Mots-clés : stupéfiants • définition • incrimination • renvoi • compétence • légalité • nécessité

Par deux fois au début de l’année 2022, le Conseil constitutionnel a consacré une définition de la notion de stupéfiant. On peut s’en féliciter, tant les classements en la matière pouvaient sembler arbitraires en l’absence d’une telle définition juridique contraignante. Il est toutefois regrettable que la démarche constitutionnelle soit l’occasion de légitimer le renvoi opéré par le législateur au pouvoir réglementaire dans la détermination des substances concernées par les infractions liées aux stupéfiants. Une telle opération juridique est pourtant centrale dans les incriminations applicables en la matière.


 

Dans une étude menée en 2019 sur la notion de stupéfiants, un auteur constatait le caractère opportuniste des classifications opérées et concluait en ces termes : « si théoriquement la notion de stupéfiant semble pouvoir être circonscrite, elle reste en pratique largement insaisissable et, de ce fait, en partie introuvable » [1]. Or, à peine trois ans plus tard, le Conseil constitutionnel fut interrogé sur cette notion à l’occasion de deux questions prioritaires de constitutionnalité renvoyées par le Conseil d’État [2] et la Cour de cassation [3].

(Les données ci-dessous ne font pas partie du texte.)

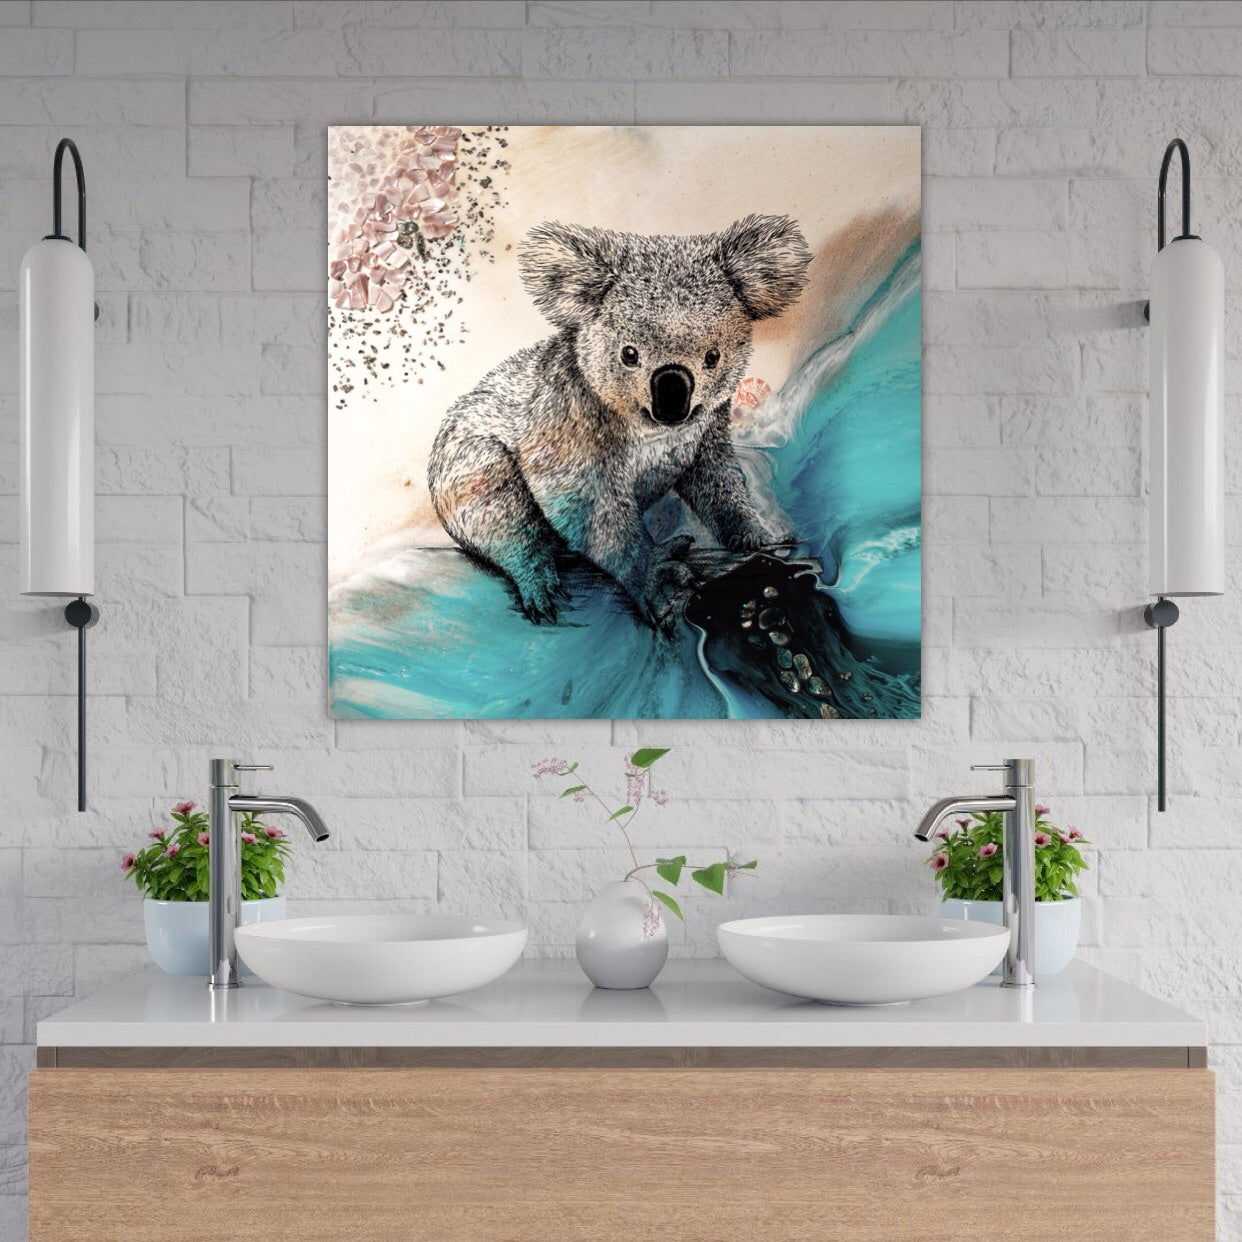 Abstract Ocean. Blue beach with Koala. Art Print. Antuanelle 3 Print for WWF Koala Conservation. Limited Edition

Il faut dire que la matière a connu un important changement avec la loi du 7 décembre 2020 [4]. On sait, en effet, que les infractions à la législation sur les stupéfiants constituent l’archétype de l’incrimination par renvoi, en même temps qu’elles illustrent les dérives du procédé. L’article 222-41 du Code pénal N° Lexbase : L2147AMH prévoit ainsi que « constituent des stupéfiants […] les substances ou plantes classées comme stupéfiants en application de l’article L. 5132-7 du Code de la santé publique ». Mais ce dernier n’énonce aucune définition. Jusqu’à la loi du 7 décembre 2020, il affirmait que « les plantes, substances ou préparations vénéneuses sont classées comme stupéfiants ou comme psychotropes […] par arrêté du ministre chargé de la santé pris sur proposition du directeur général de l’Agence nationale de sécurité du médicament et des produits de santé ». Depuis cette loi, c’est le directeur général de l’ANSM [5] qui procède directement au classement [6]. S’il érige en infraction un certain nombre de comportements liés aux stupéfiants, le législateur laisse donc au pouvoir réglementaire le soin de déterminer les substances concernées. Aussi, les requérants lui reprochaient-ils de ne pas avoir pleinement exercé sa compétence.

Plus précisément, ils estimaient la combinaison des articles 222-41 du Code pénal et L. 5132-7 du Code de la santé publique N° Lexbase : L0695LZR contraire à l’article 34 de la Constitution N° Lexbase : L1294A9S qui attribue compétence exclusive au pouvoir législatif s’agissant des crimes et délits. Ils considéraient également que les classements opérés en matière de cannabis méconnaissaient le principe de nécessité des peines prévu à l’article 8 de la Déclaration des droits de l’Homme et du citoyen (DDHC) N° Lexbase : L1372A9P. Dans une décision du 11 février 2022, le Conseil constitutionnel reconnaît cependant la constitutionnalité de l’article 222-41 du Code pénal et de l’article L. 5132-7 du Code de la santé, dans sa rédaction antérieure à la loi du 7 décembre 2020 comme dans celle actuellement en vigueur.

Pour rejeter, tout d’abord, le grief tiré du renvoi opéré par le législateur, le Conseil constitutionnel commence par affirmer que la notion de stupéfiants « désigne des substances psychotropes se caractérisant par un risque de dépendance et des effets nocifs pour la santé ». Il reprend ici une définition qu’il avait élaborée un mois plus tôt, dans une décision du 7 janvier 2022 [7]. Que penser alors de celle-ci ? Pour l’Académie de Médecine, un stupéfiant désigne une « substance, médicamenteuse ou non, douée d’un effet narcotique et euphorisant susceptible d’induire une toxicomanie » [8]. Les définitions constitutionnelle et médicale paraissent donc converger [9], même si, à la différence de la seconde, la première s’attache au caractère nocif pour la santé de la substance, et ce, sans préciser la nature de ses effets [10]. La conclusion qu’en tire le Conseil constitutionnel laisse, en revanche, plus dubitatif. Selon lui, cette définition serait « suffisamment claire et précise pour garantir contre le risque d’arbitraire », de sorte que le législateur n’aurait pas « conféré au pouvoir réglementaire la compétence pour déterminer les éléments constitutifs des infractions qui s’y réfèrent ».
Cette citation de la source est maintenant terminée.